Towards Comprehensive Multimodal Perception: Introducing the Touch-Language-Vision Dataset
Ning Cheng, You Li, Jing Gao, Bin Fang, Jinan Xu, Wenjuan Han
TL;DR
This work addresses the lack of sentence-level language data in tactile multimodal perception by introducing the TLV dataset, which couples touch, language, and vision through a three-stage annotation pipeline. It then presents STLV-Align, an unsupervised, lightweight training framework that uses LoRA fine-tuning and OpenCLIP encoders to map all three modalities into a shared embedding space, with a frozen text encoder and symmetric contrastive losses. The TLV dataset comprises 19,834 annotated entries (9,834 with touch and 10,000 no-touch) derived from 20,000 VisGel-based pairs, and STLV-Align demonstrates substantial improvements on cross-domain tactile classification tasks, including material, hard/soft, and rough/smooth attributes, using only $1\%$ of parameters updated.
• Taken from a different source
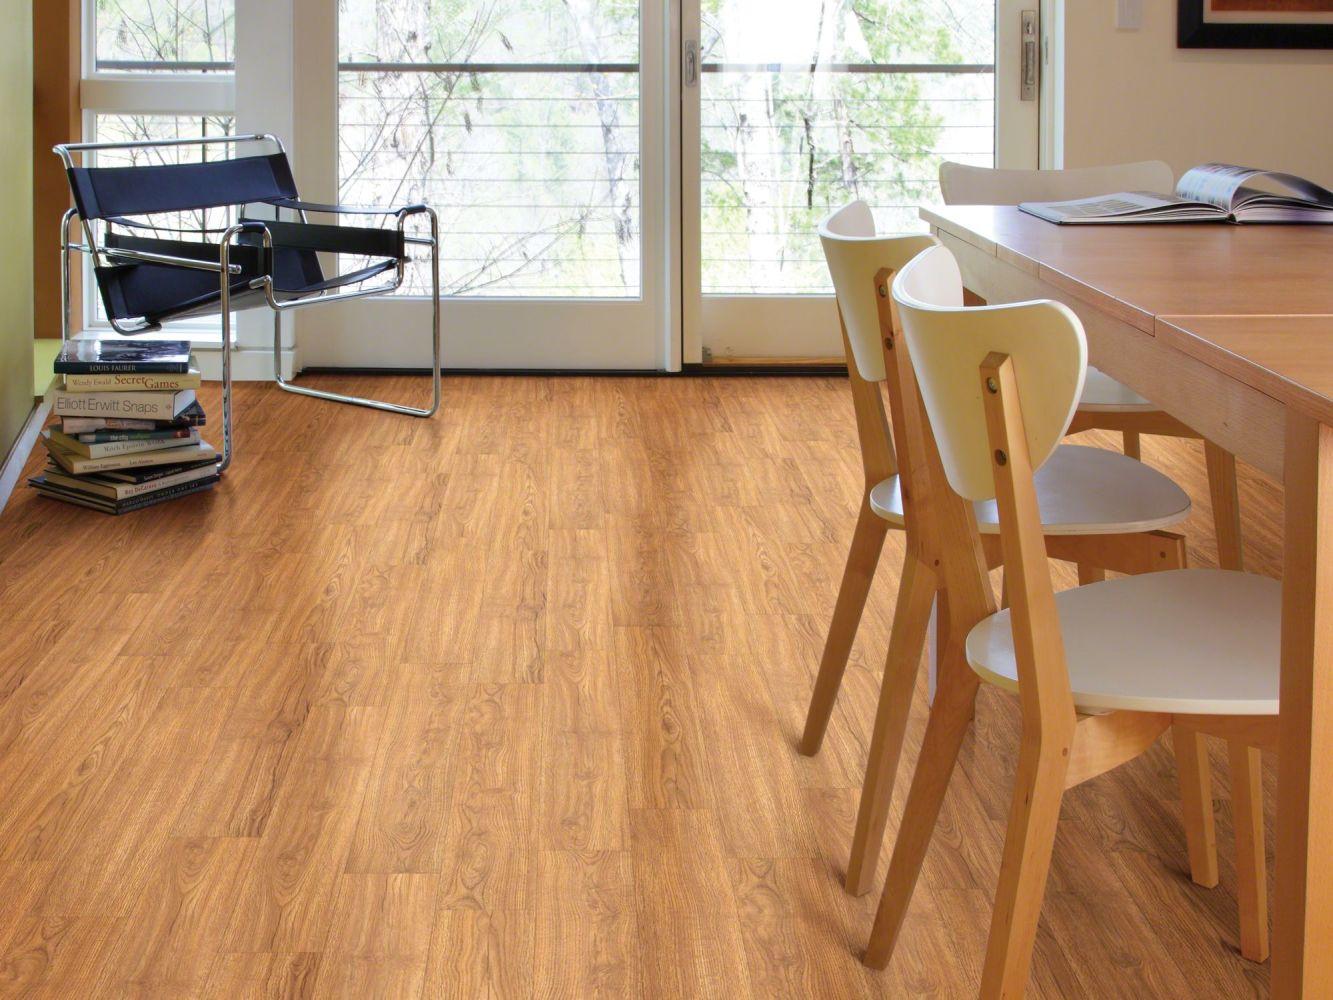 Shaw Floors Vinyl Property Solutions Market Square 6 Sweet Auburn 00260_VPS23
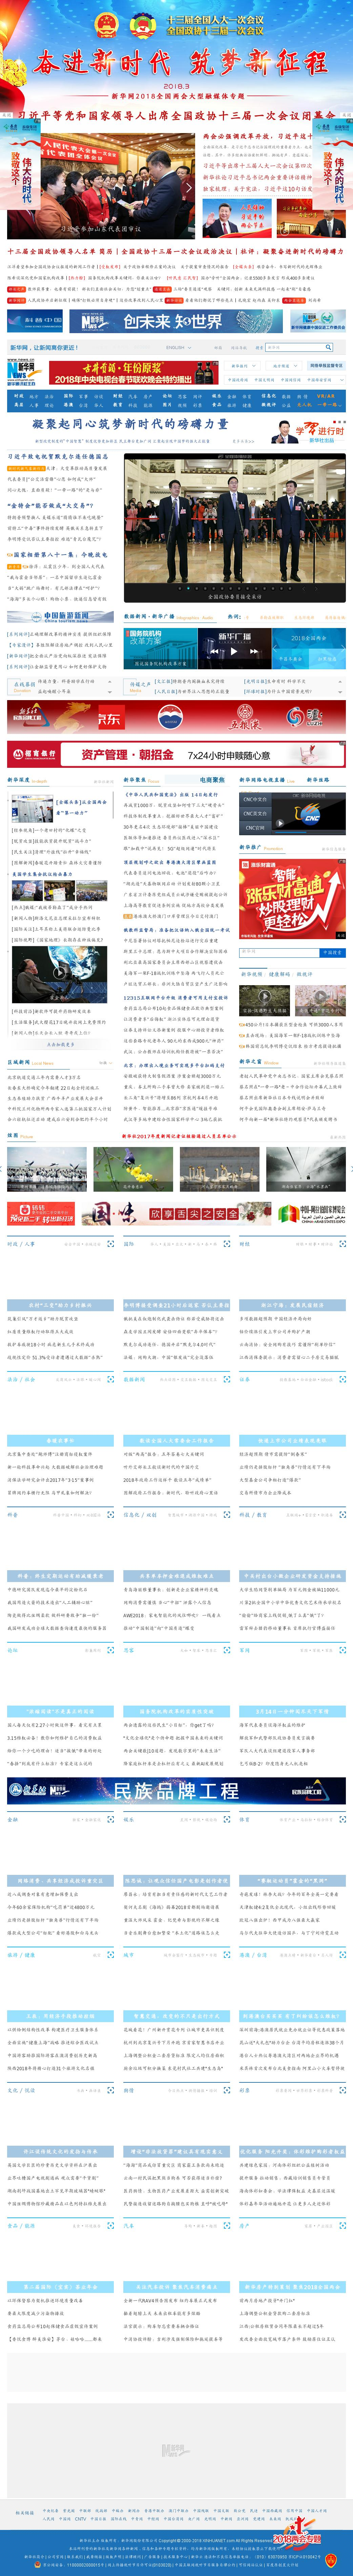 Xinhua at Thursday March 15, 2018, 1:22 p.m. UTC

The work advances tactile perception by enabling richer cross-modal alignment and points to practical benefits for robotics and human-robot interaction, while leaving room for further performance enhancements and broader task applications.
Abstract
Tactility provides crucial support and enhancement for the perception and interaction capabilities of both humans and robots. Nevertheless, the multimodal research related to touch primarily focuses on visual and tactile modalities, with limited exploration in the domain of language. Beyond vocabulary, sentence-level descriptions contain richer semantics. Based on this, we construct a touch-language-vision dataset named TLV (Touch-Language-Vision) by human-machine cascade collaboration, featuring sentence-level descriptions for multimode alignment. The new dataset is used to fine-tune our proposed lightweight training framework, STLV-Align (Synergistic Touch-Language-Vision Alignment), achieving effective semantic alignment with minimal parameter adjustments (1%). Project Page: https://xiaoen0.github.io/touch.page/.